Jeremy Hardy is an experienced restauranteur who owns Coastal Kitchen and Mioposto. He contributed to the Forward Seattle effort to repeal Seattle’s $15 minimum wage law and argued repeatedly in support of a sub-minimum wage loophole for employees who receive tips.
What they said
- 9/20/2013: “Having owned numerous restaurants over the past 25 years, this is not one of those Chicken Little moments.… We cannot afford the proposed increase without being given tools such as tip credit.…To raise the minimum wage without providing a tip-credit is a feel-good move akin to smoking pot instead of doing our homework.”
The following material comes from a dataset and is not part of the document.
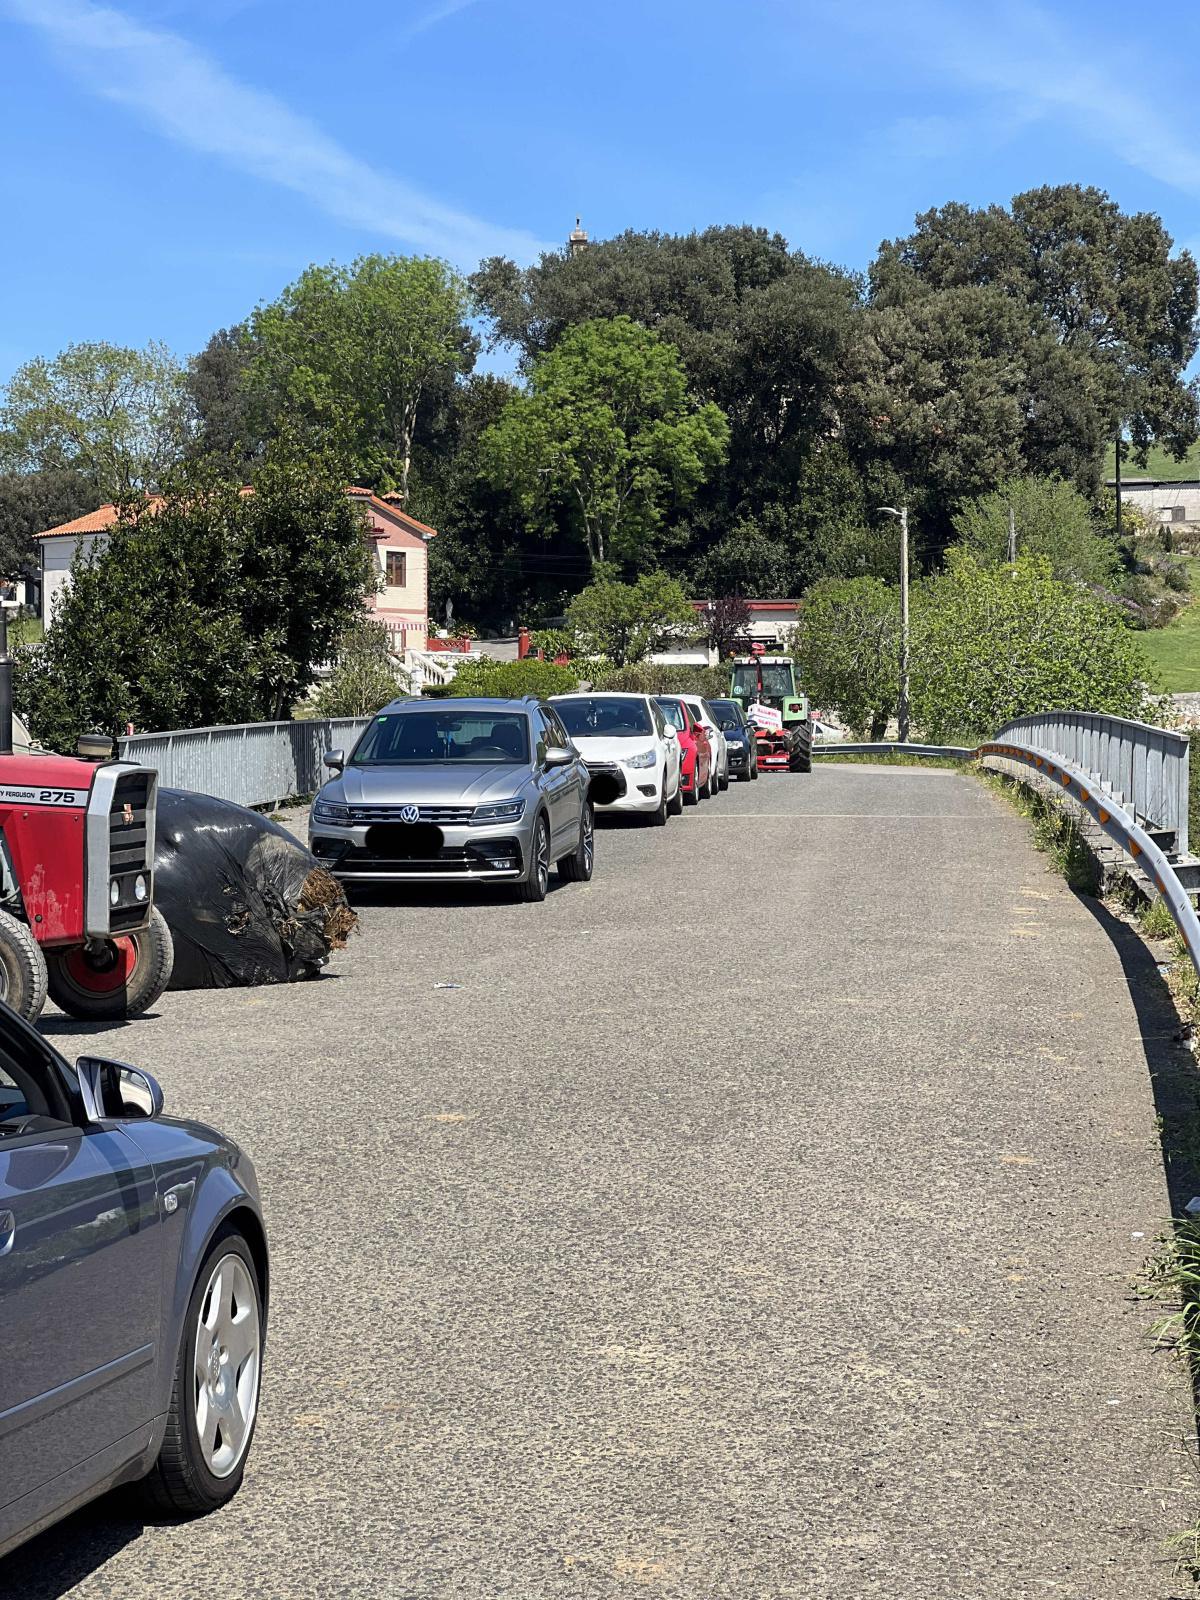 [FOTO] AVISO MUY IMPORTANTE, necesitamos que quitéis los coches aparcados en este lugar para poder hacer el "pasillo humano" Por favor, colabora con nosotros. Muchas gracias.

- 6/10/2014: “This is a game changer. The myriad of unintended consequences is too complex to really understand…We are going to adjust using all of the tools at our disposal; pricing, reducing menu offerings, look at operating hours, reducing labor where we can and certainly not opening another business in our beloved Seattle…. It falls somewhere between feeling sad and feeling betrayed that this grenade has been dropped on us.”
- 3/25/2015: "I am not a cry wolf type of person, until this came up…your volumes are starting to come back, starting to make money again, and then, at that point, this $15 an hour thing comes up. I was really angry. "
- 5/9/2015: "With the labor pressures that are coming from this $15 eventual minimum-wage increase, we are juggling with razor-sharp daggers," Hardy says. "And if you don't get it right, it's really going to hurt."
What happened
In July 2014, Hardy opened a second outlet of Mioposto in Seattle — the third restaurant under his ownership. A third Mioposto is slated to open in Seattle this summer — meaning Hardy will have doubled the number of restaurants under his ownership since the minimum wage law passed.
All four of his restaurants are in his beloved Seattle.